* TASK GOAL: Pictures are to be left out; otherwise, copy exactly the lines from the line containing "Stanley - 0-30-697" through the end of the data.

* SUPPLIED DATA:
>>>
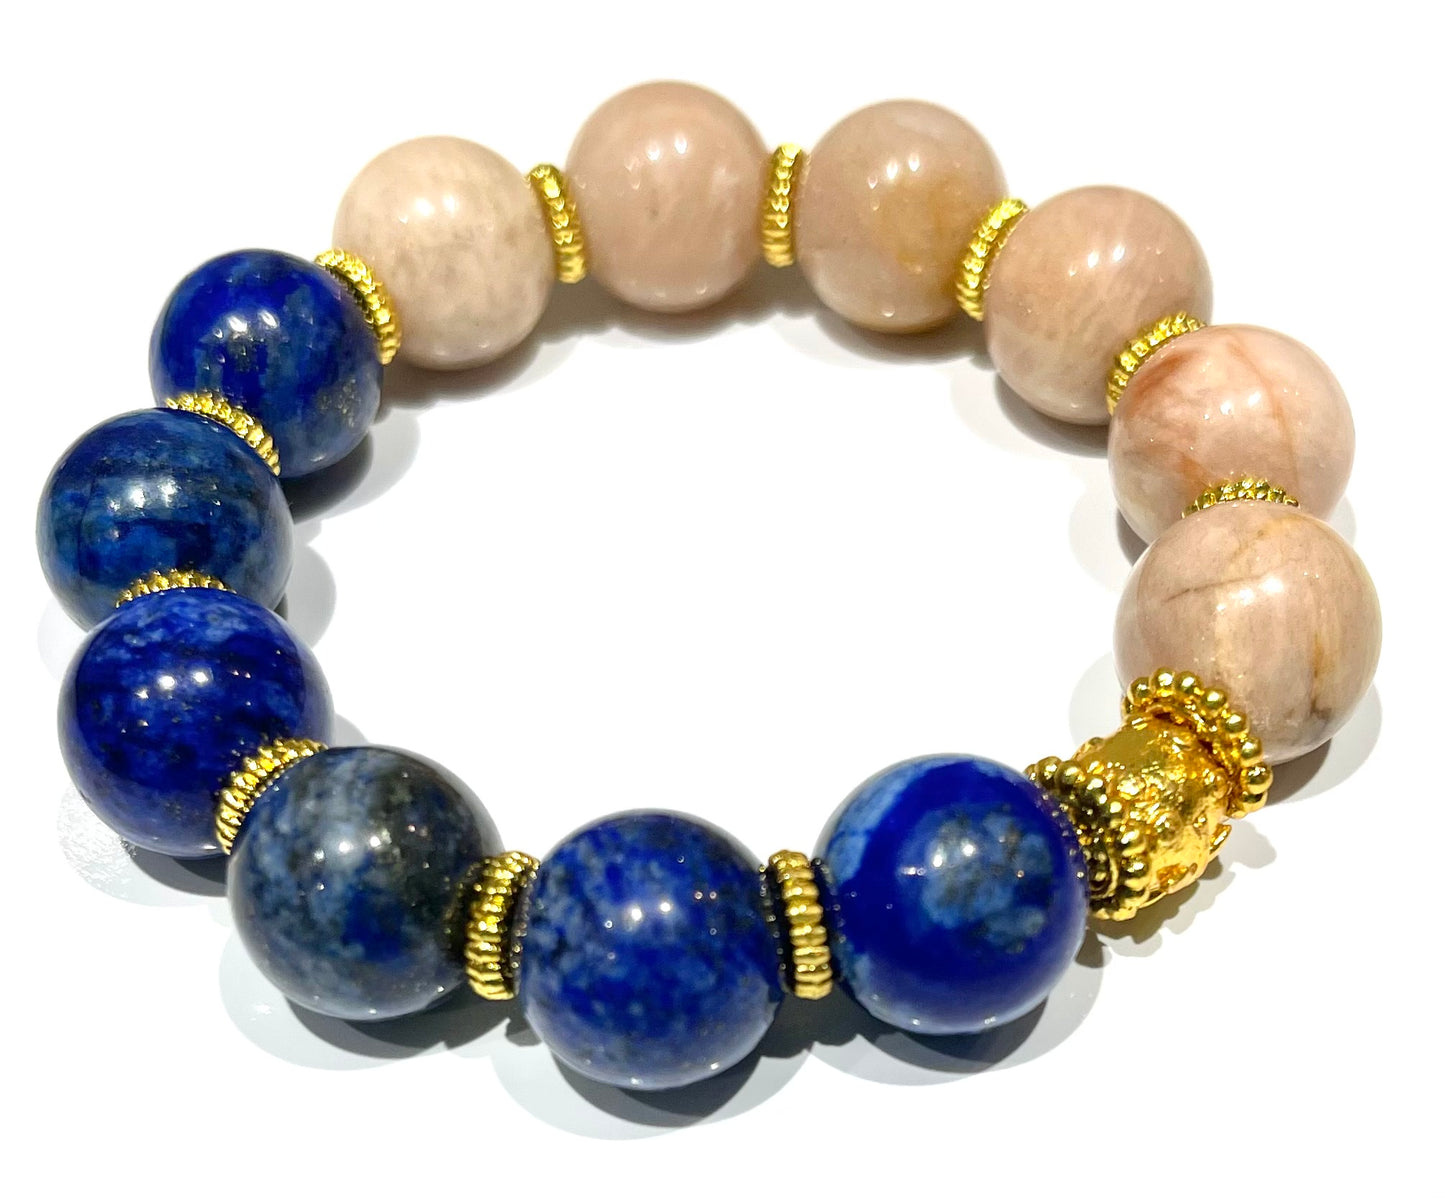 Lapis Lazuli and Ivory Jade Statement Bracelet
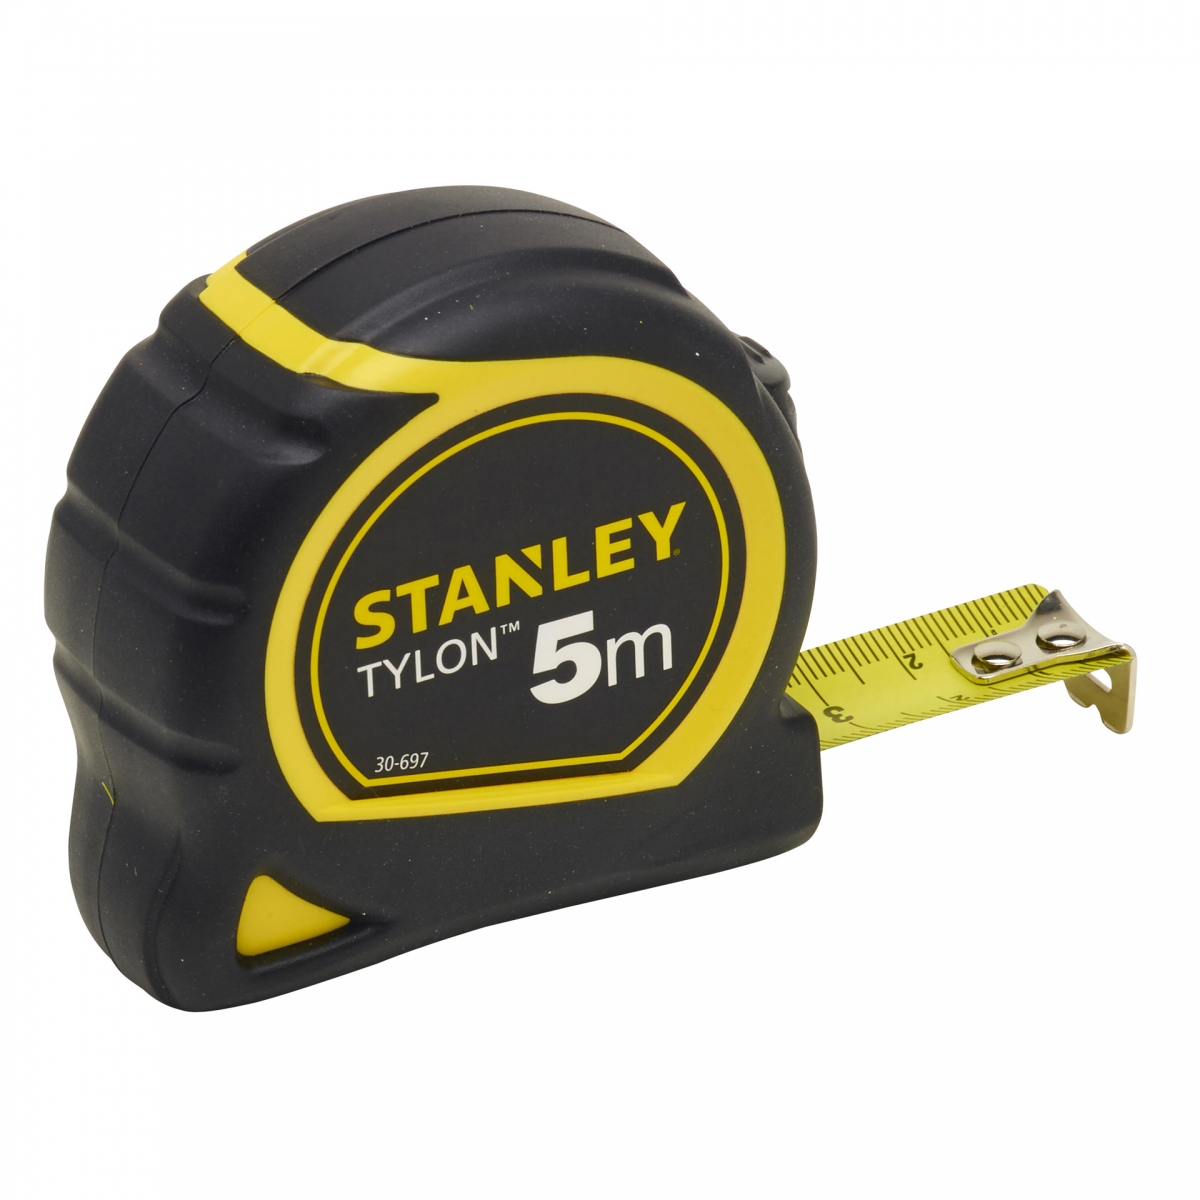 Stanley - 0-30-697 Metro de Banda Tylon ™ 5M X 19MM 30-697 Cinta Métrica
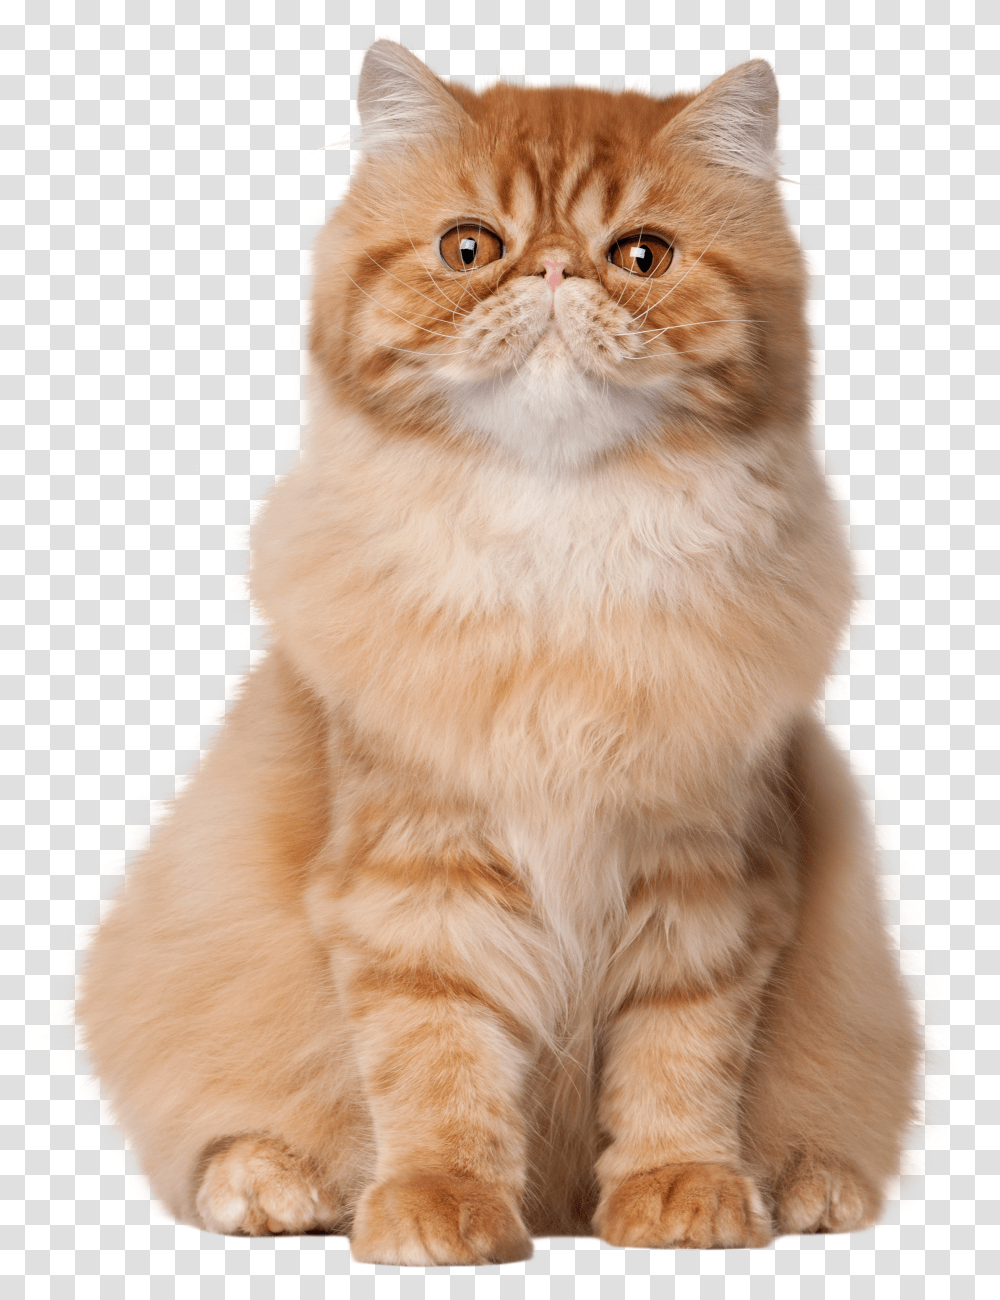 Sitting Cat Clip Art Cat Sitting Down Hd Transparent Png
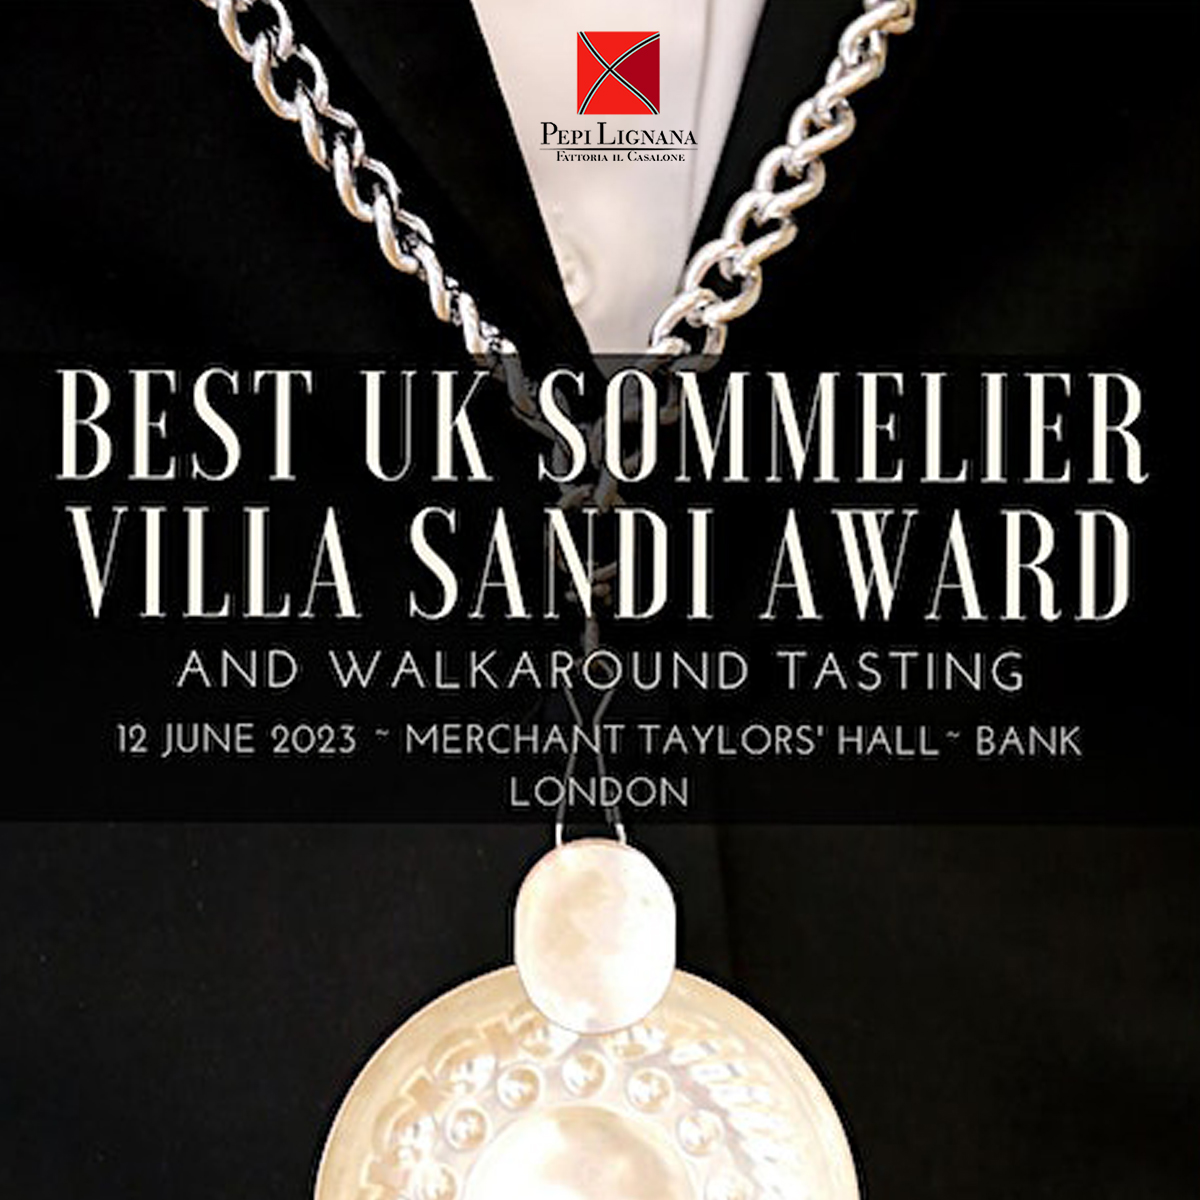 Villa Sandy Award London Pepi Lignana Wine 13
<<<
* EXERCISE ANSWER:
 Stanley - 0-30-697 Metro de Banda Tylon ™ 5M X 19MM 30-697 Cinta Métrica
 Sitting Cat Clip Art Cat Sitting Down Hd Transparent Png
 Villa Sandy Award London Pepi Lignana Wine 13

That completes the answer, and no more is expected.